## Exercise instructions
Exact copies of the lines below, from the one with "yw_farstrup_no210_dining_chairs_group" up to and including the one with "Beautiful and elegant, this", are what this calls for; leave out pictures.

## Dataset extract
•••
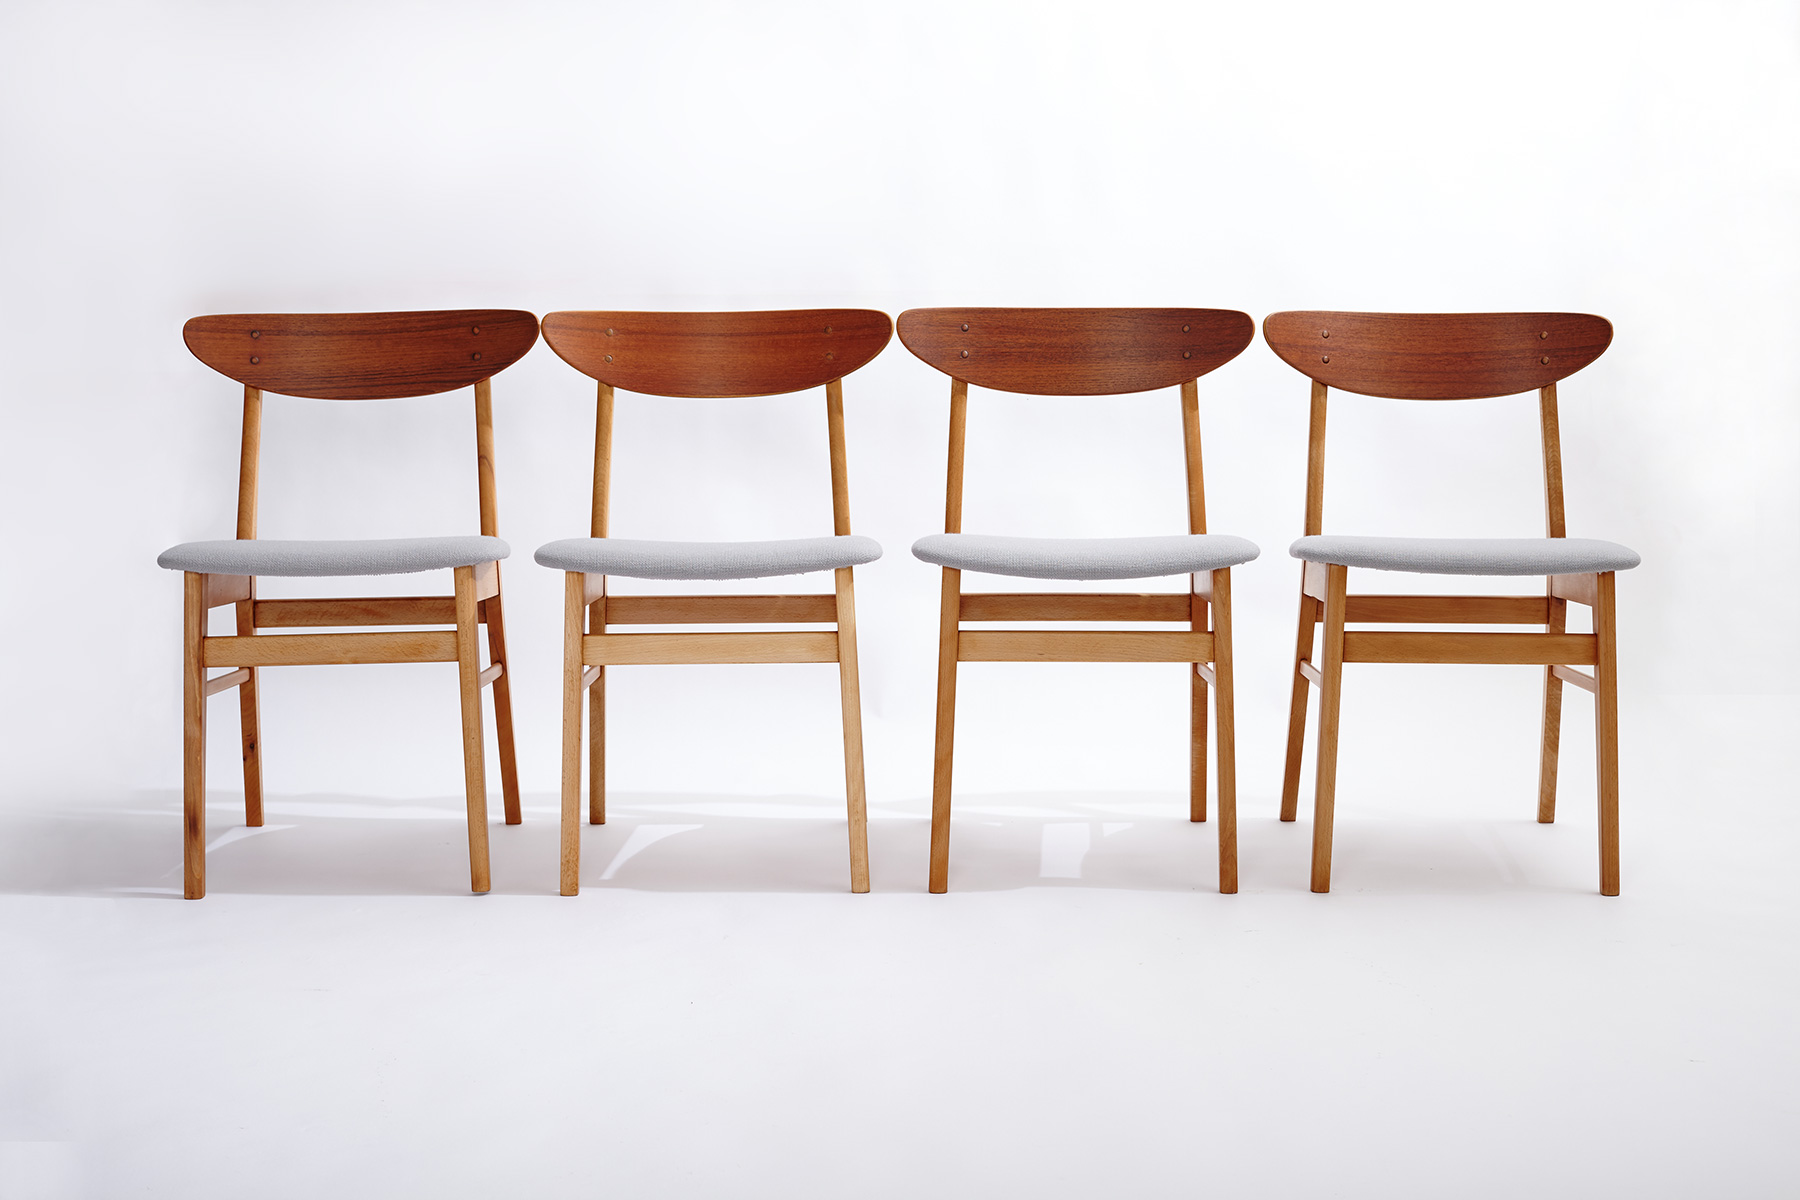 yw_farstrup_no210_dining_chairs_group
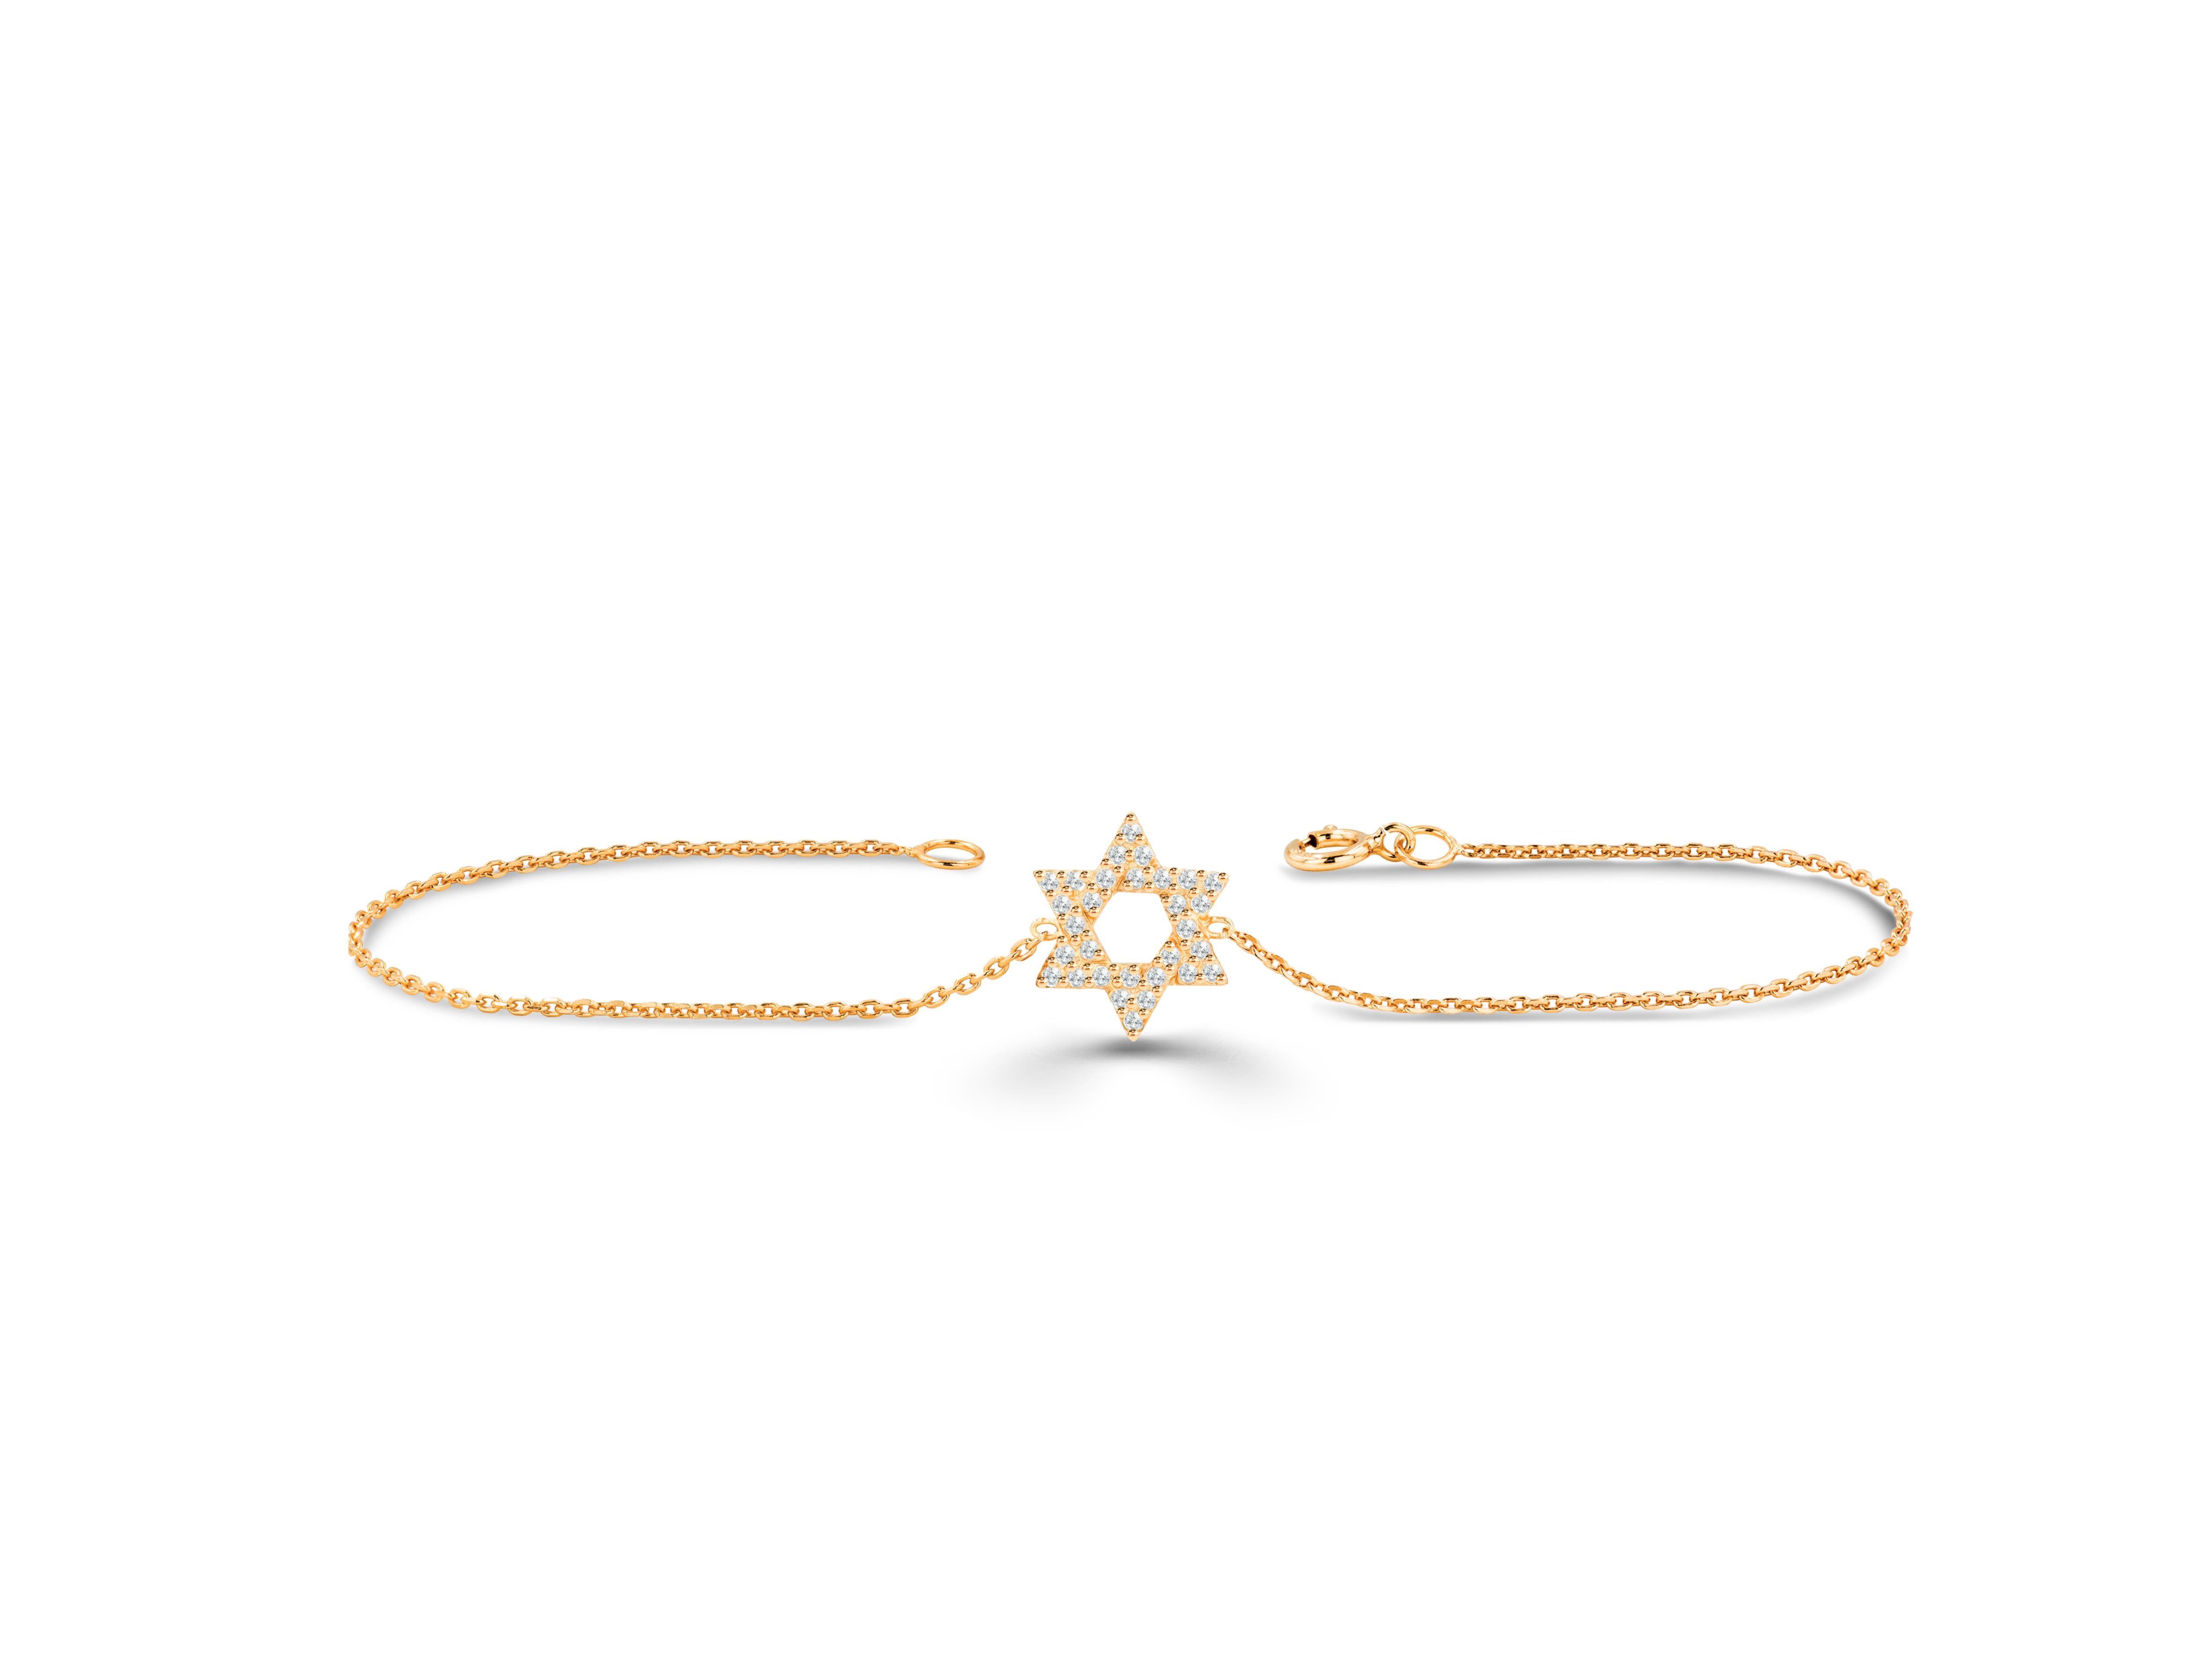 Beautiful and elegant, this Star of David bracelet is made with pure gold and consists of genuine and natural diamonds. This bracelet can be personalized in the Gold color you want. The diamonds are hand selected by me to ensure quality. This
•••
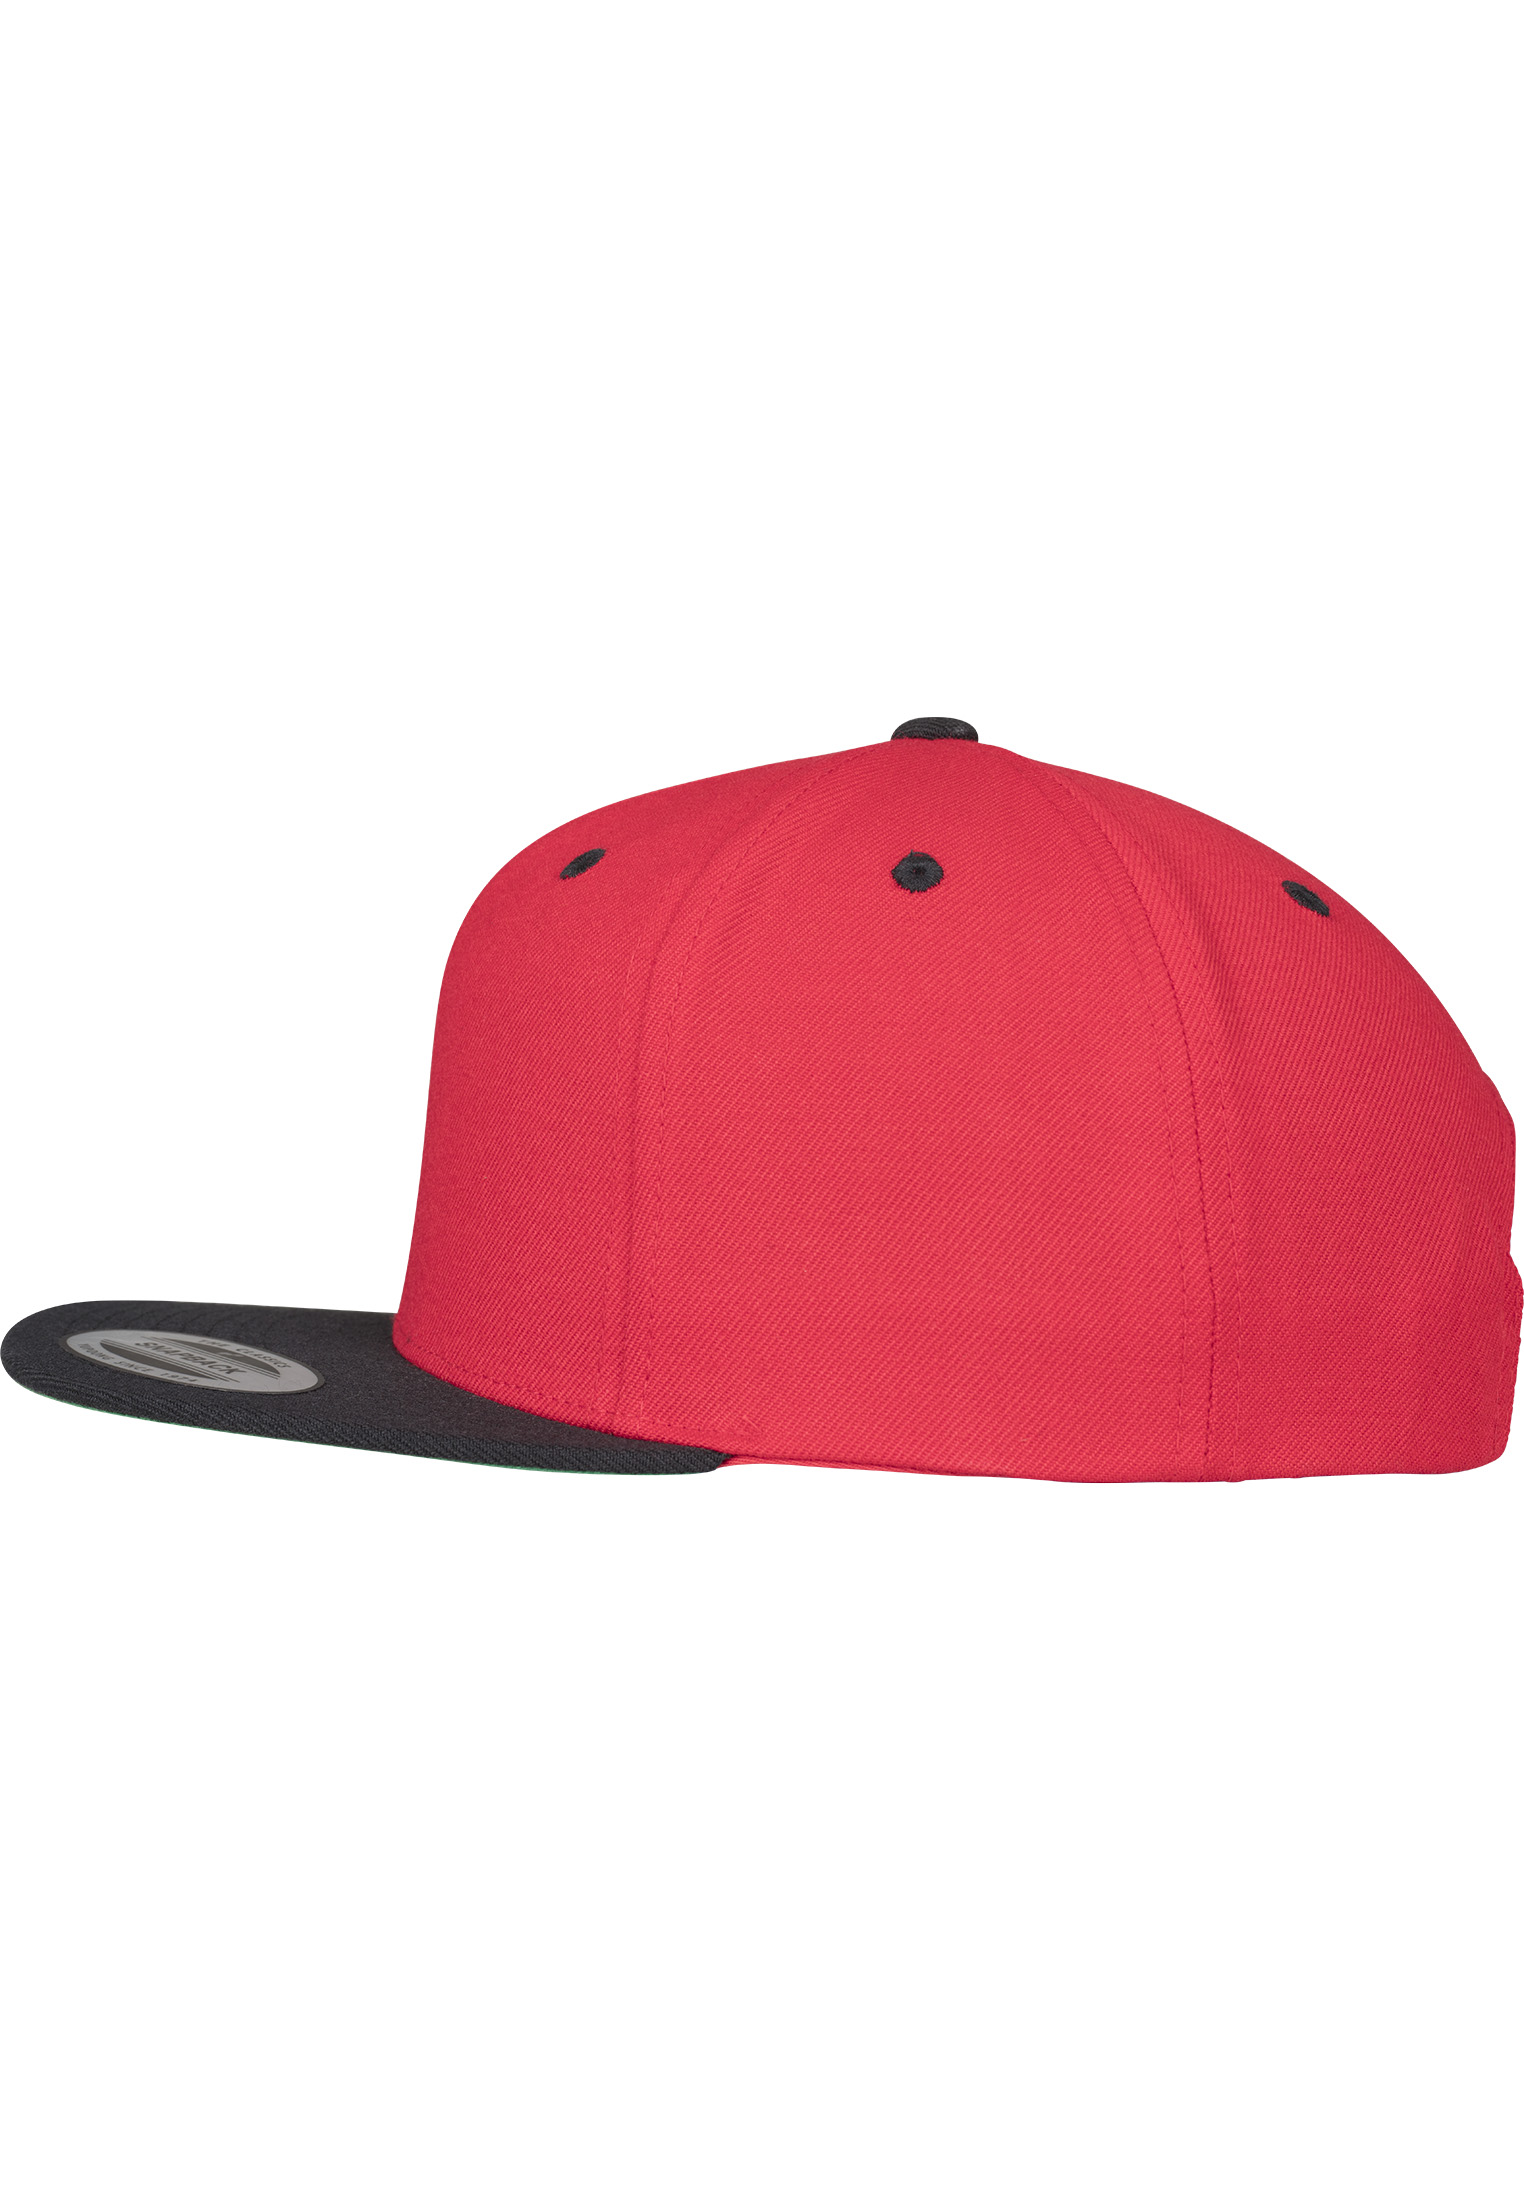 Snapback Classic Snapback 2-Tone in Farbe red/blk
•••
## Your solution
 yw_farstrup_no210_dining_chairs_group
 Beautiful and elegant, this Star of David bracelet is made with pure gold and consists of genuine and natural diamonds. This bracelet can be personalized in the Gold color you want. The diamonds are hand selected by me to ensure quality. This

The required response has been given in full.